Le rapport 2025 de Pure Storage, nourri par une enquête multinationale, met en lumière les défis opérationnels, juridiques et politiques de la souveraineté des données. Mais à rebours des discours d’équilibre entre cloud public et infrastructures souveraines, ce sont les paradoxes du numérique mondialisé qui s’imposent : flou des définitions, dépendances industrielles et contradictions stratégiques. Décryptage.

Publié à l’automne 2025, le rapport « Data Sovereignty : A New Era » a été élaboré par Pure Storage avec l’appui de l’Université de technologie de Sydney. Il s’appuie sur une enquête qualitative conduite entre juillet et août 2025, auprès de vingt-deux décideurs issus de neuf pays, principalement en Europe et en Asie-Pacifique. Ces entretiens semi-directifs, menés auprès de DSI, d’experts en IA, de responsables de la gouvernance des données et de dirigeants de grandes entreprises, visent à capter le « climat de perception » autour de la souveraineté numérique.

Dès l’introduction, les auteurs rappellent que la souveraineté ne peut plus être considérée comme un enjeu secondaire : « La souveraineté des données est au centre des préoccupations des gouvernements, des régulateurs et des entreprises. » L’objectif affiché est d’« attirer l’attention sur les risques liés à l’inaction et souligner l’urgence d’agir ». Ce positionnement oriente la grille d’analyse du rapport, qui fait de la souveraineté un impératif de résilience, de conformité et de compétitivité.

Les résultats sont éloquents : la souveraineté est devenue une préoccupation mondiale. pour 92 % des participants, qui estiment que le manque de prise en compte de la souveraineté des données peut « nuire à la réputation » de l’entreprise, et 85 % redoutent une « perte de confiance client ». Un expert australien en IA ajoute : « De plus en plus, il devient difficile de confier des données sensibles à l’un des grands fournisseurs mondiaux. »

La souveraineté est une préoccupation mondiale ...

Contrairement à une idée largement véhiculée par certains fournisseurs américains, la souveraineté numérique n’est pas une obsession bureaucratique propre à l’Europe. Loin d’être une exception européenne, cette inquiétude s’étend aujourd’hui à l’ensemble des régions connectées. L’enquête menée par Pure Storage, qui exclut volontairement les États-Unis, montre au contraire que les enjeux de localisation, de contrôle des données, et d’indépendance stratégique sont devenus des préoccupations transversales, partagées par les entreprises en France, en Allemagne, au Royaume-Uni, mais aussi en Inde, au Japon, à Singapour, en Australie ou en Corée du Sud.

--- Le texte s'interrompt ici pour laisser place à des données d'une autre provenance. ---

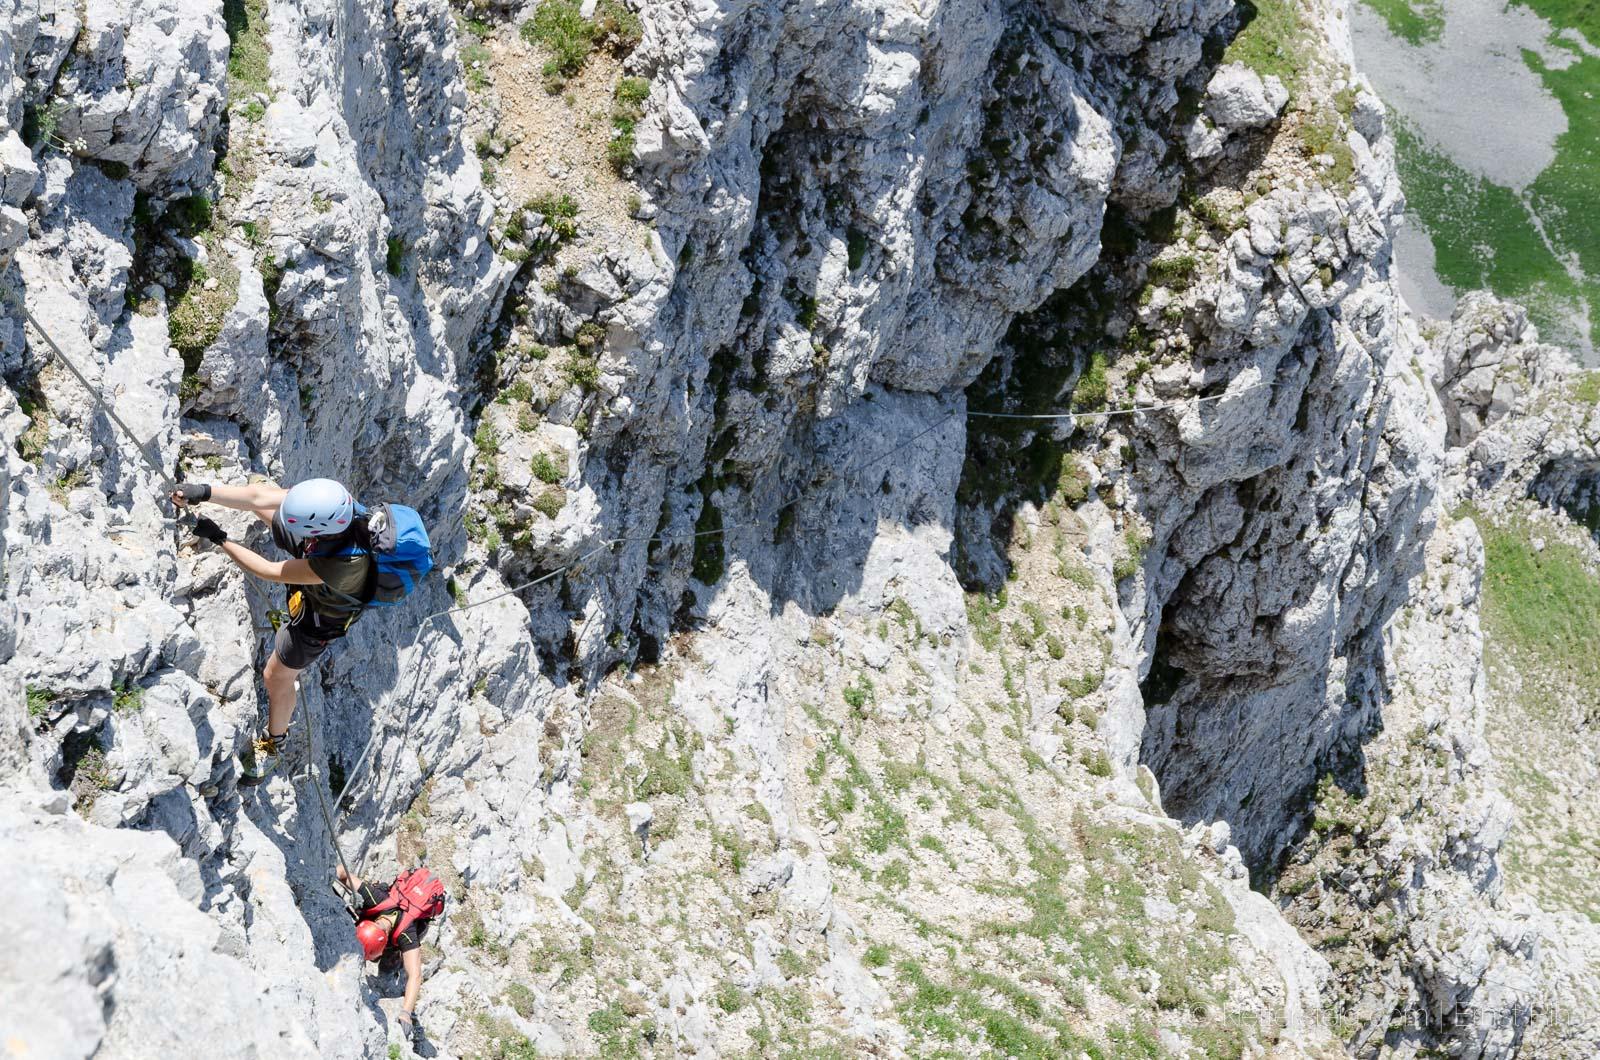 Klettersteig Köllenspitze : Südsporn klettersteig köllenspitze klettersteige
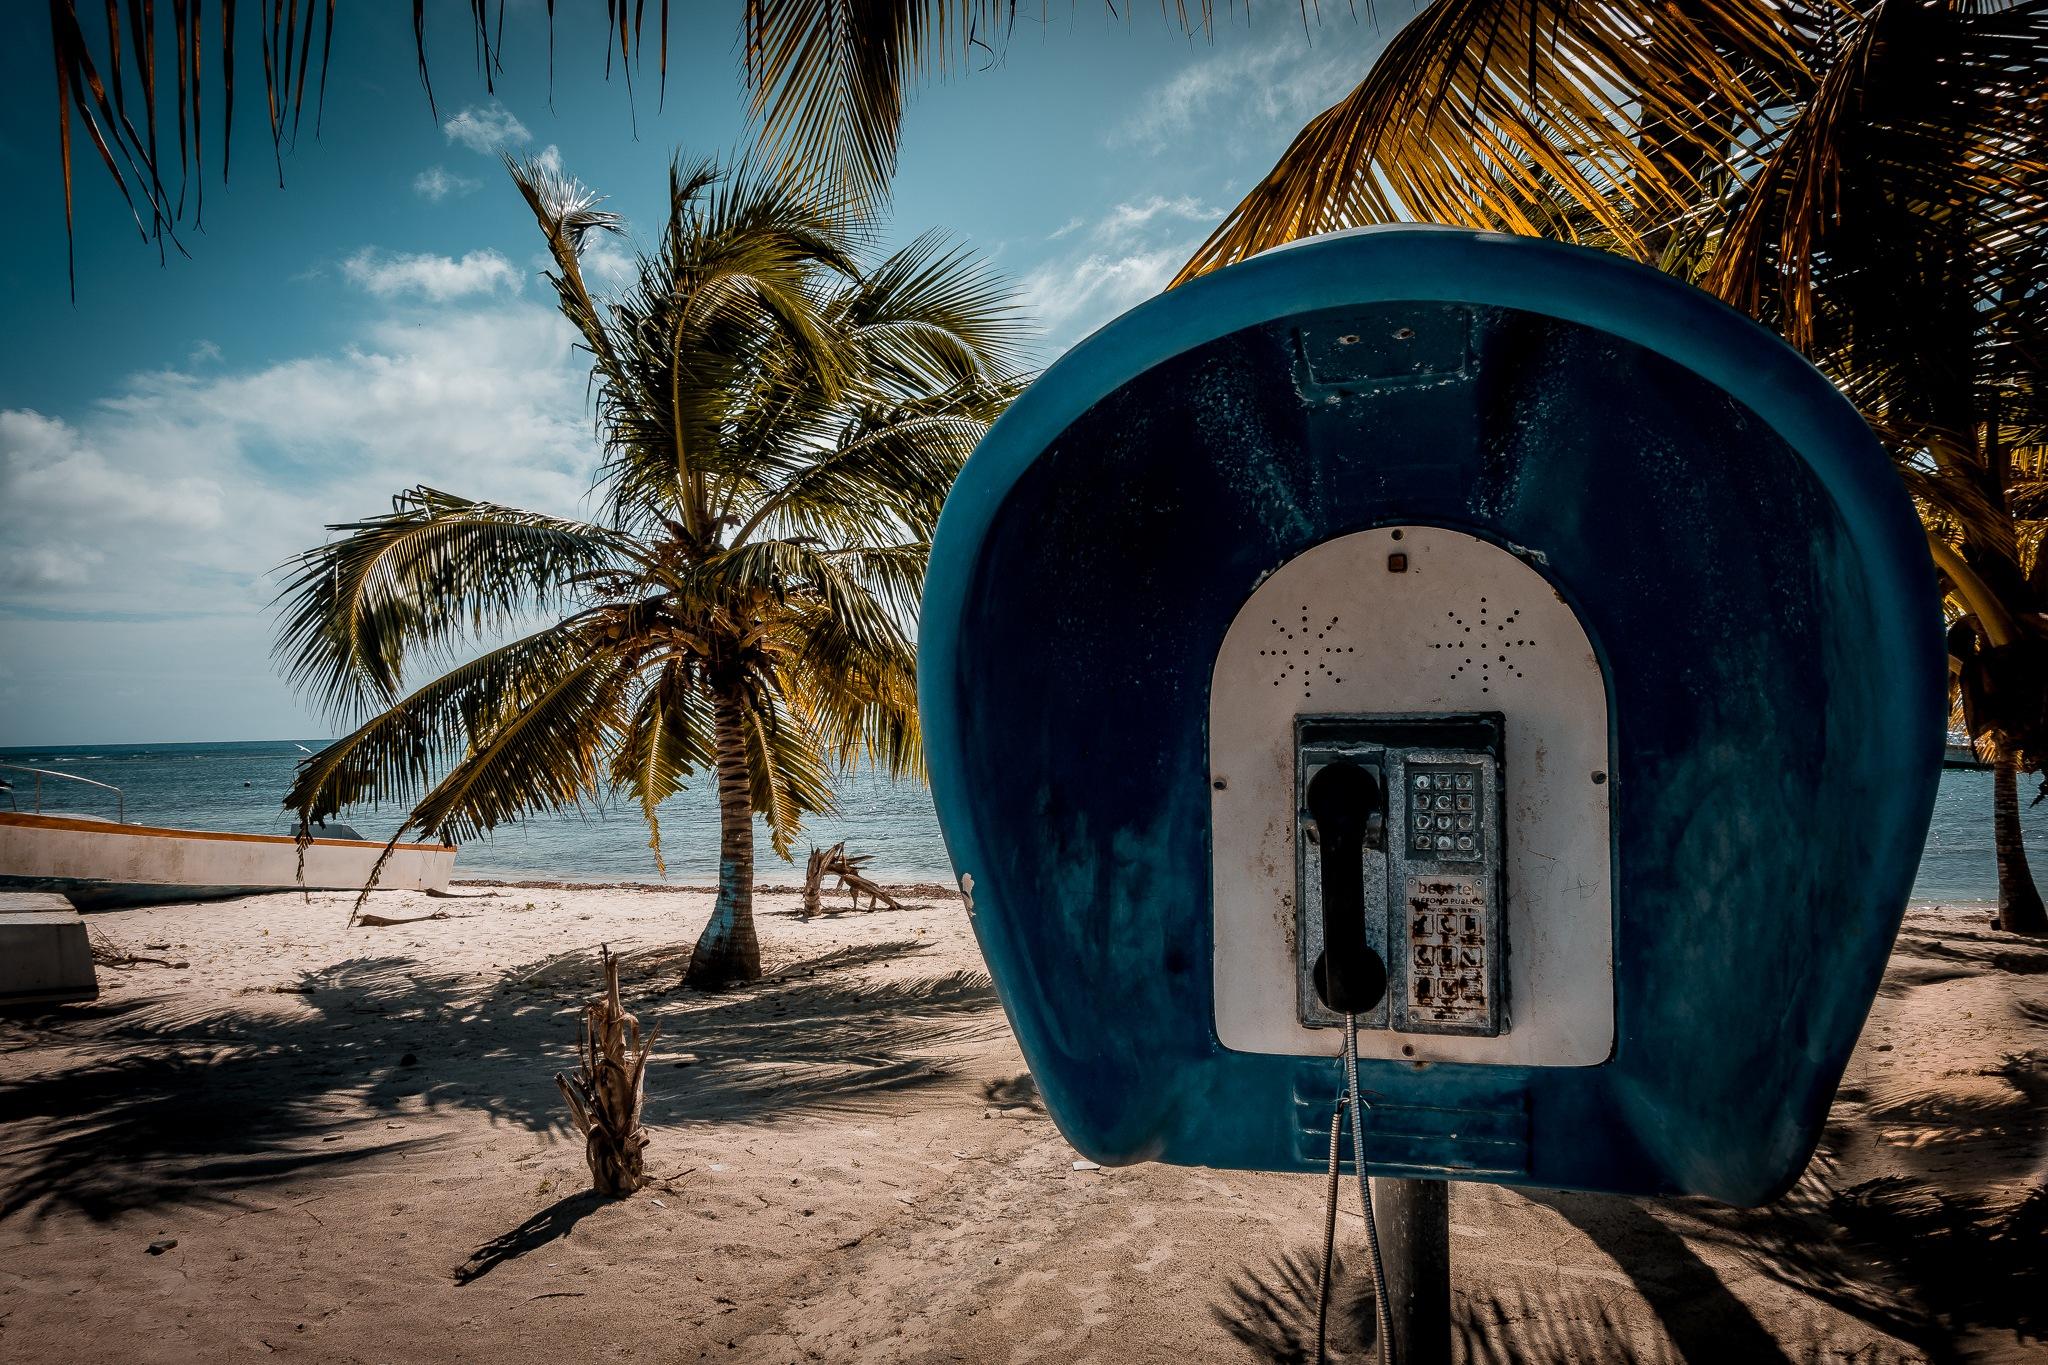 A call for Mr. Robinson Cruso by Andreas Mariotti

Ce constat est largement partagé dans l’enquête. Un expert australien en gouvernance IA souligne ainsi que « la souveraineté des données est en train de redéfinir les frontières mêmes de ce que signifie protéger l’information ». Un responsable néo-zélandais enfonce le clou : « Si vous perdez l’accès à votre logiciel ou au format de vos données, votre souveraineté est illusoire. » Même son de cloche du côté des dirigeants britanniques, qui alertent sur l’incapacité croissante à confier des informations sensibles « dans un monde géopolitiquement incertain ».

... et un enjeu systémique

Cette convergence démontre que la souveraineté des données est devenue un enjeu systémique, qui dépasse les clivages culturels ou réglementaires. Si l’Europe formalise davantage ses exigences via des textes comme le RGPD, DORA, le Data Act ou l’AI Act, elle n’est plus seule à structurer sa gouvernance numérique. Le rapport souligne par exemple que Singapour, l’Inde et le Japon ont renforcé leurs législations pour s’aligner partiellement sur les standards européens.

En mettant en lumière ces préoccupations communes, l’étude invalide l’idée que l’Europe ferait figure d’exception ou d’entrave. Elle montre au contraire que la souveraineté numérique est devenue une priorité partagée, qui redéfinit les équilibres entre innovation, gouvernance, dépendances industrielles et ordres juridiques. La question n’est plus de savoir si la souveraineté est nécessaire, mais comment en garantir les conditions effectives, dans un monde où l’interdépendance est devenue la norme.